Welcome to WebmasterWorld Guest from

Forum Moderators: phranque

Message Too Old, No Replies

Identifying Duplicate Content Sites/Non-TLD Sites

Duplicate or Other TLD Site?

1:12 am on Nov 19, 2011 (gmt 0)

Senior Member

WebmasterWorld Senior Member 10+ Year Member Top Contributors Of The Month

joined:Aug 30, 2002
posts: 2624
votes: 95

I've been working on a project categorising approximately 2 million .eu websites over the last few weeks. One of the final issues is determining if a website is genuinely a .eu website or a site from another TLD being served as a .eu website.
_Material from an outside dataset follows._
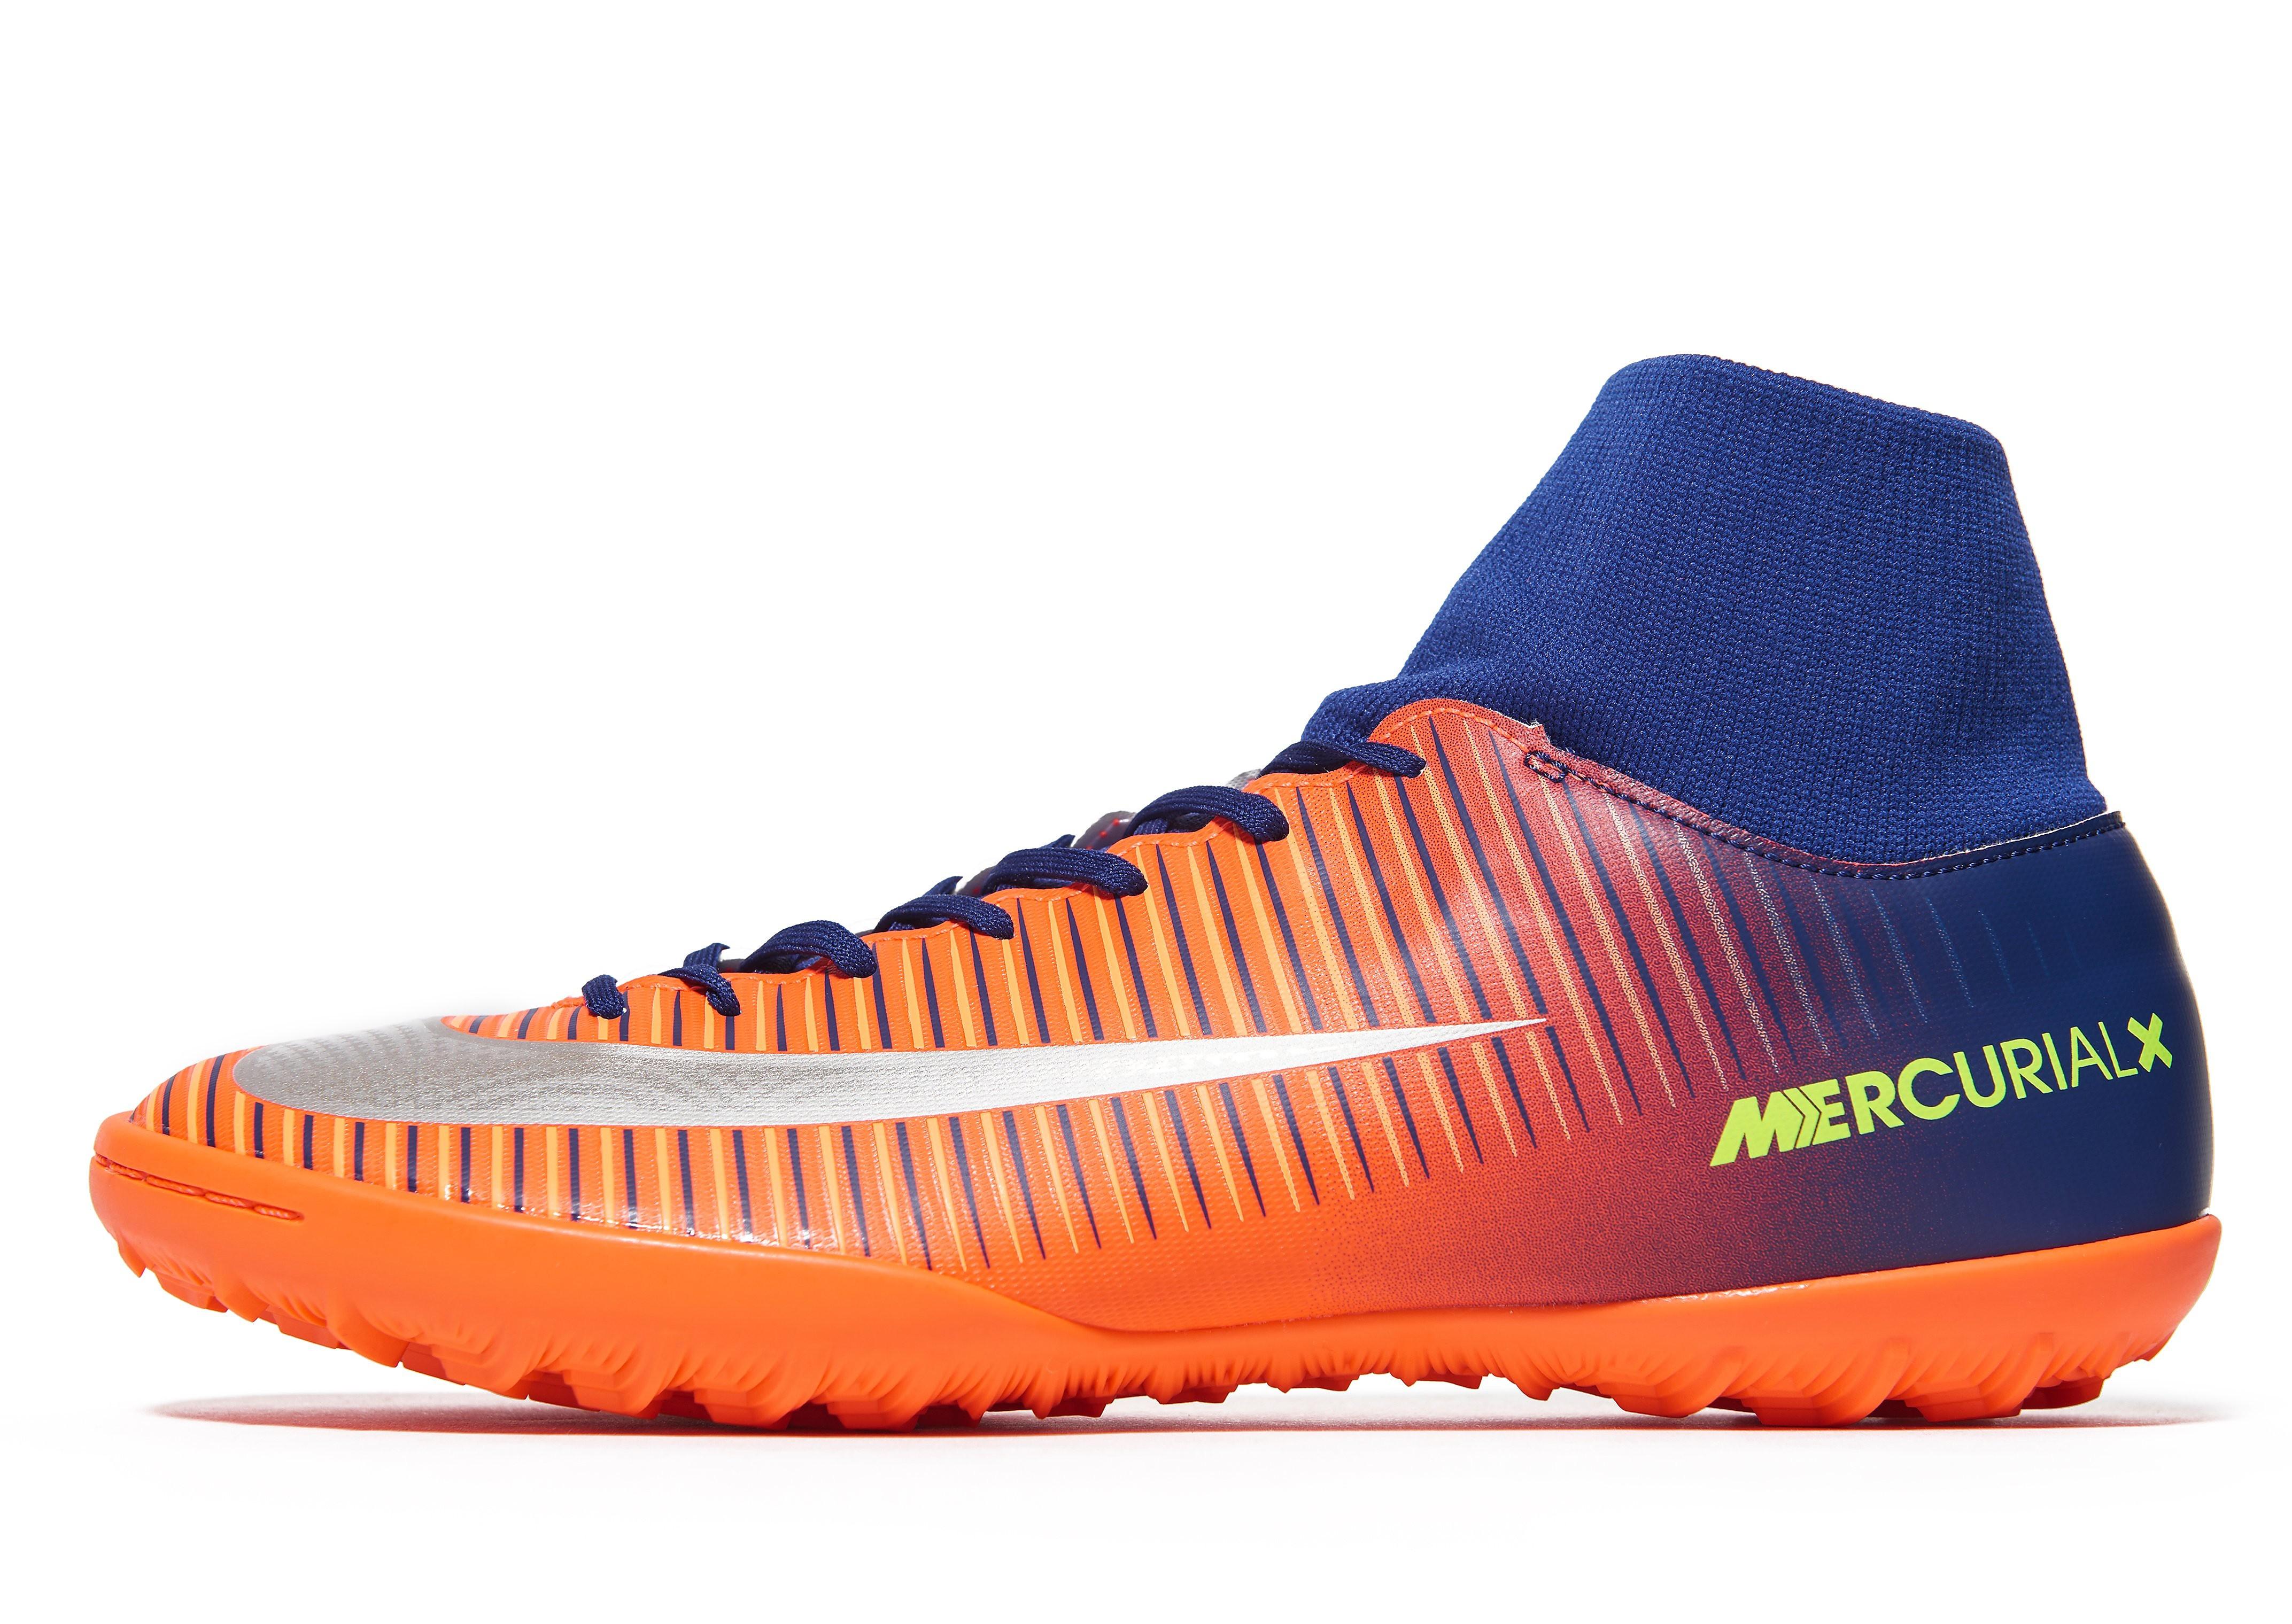 Nike Time To Shine Mercurial Victory DF VI Turf

The theory is that some purely other TLD site will have no .eu relative <a href= tags (.eu sites will potentially have .eu or site relative anchors). (I've also used link rel="canonical" element to identify some non-eu sites as the canonical element is supposed to be domain specific.)

While some outbound links will be to stats sites or Social Media networks, does the logic that a site with an array of what appear to be navigation links to the same non-eu website is actually a non-eu site being served as a .eu site and is therefore a duplicate content website hold up? Or would it be neccessary to compare these pages with the other TLD website page to see if they are identical and thus duplicate content?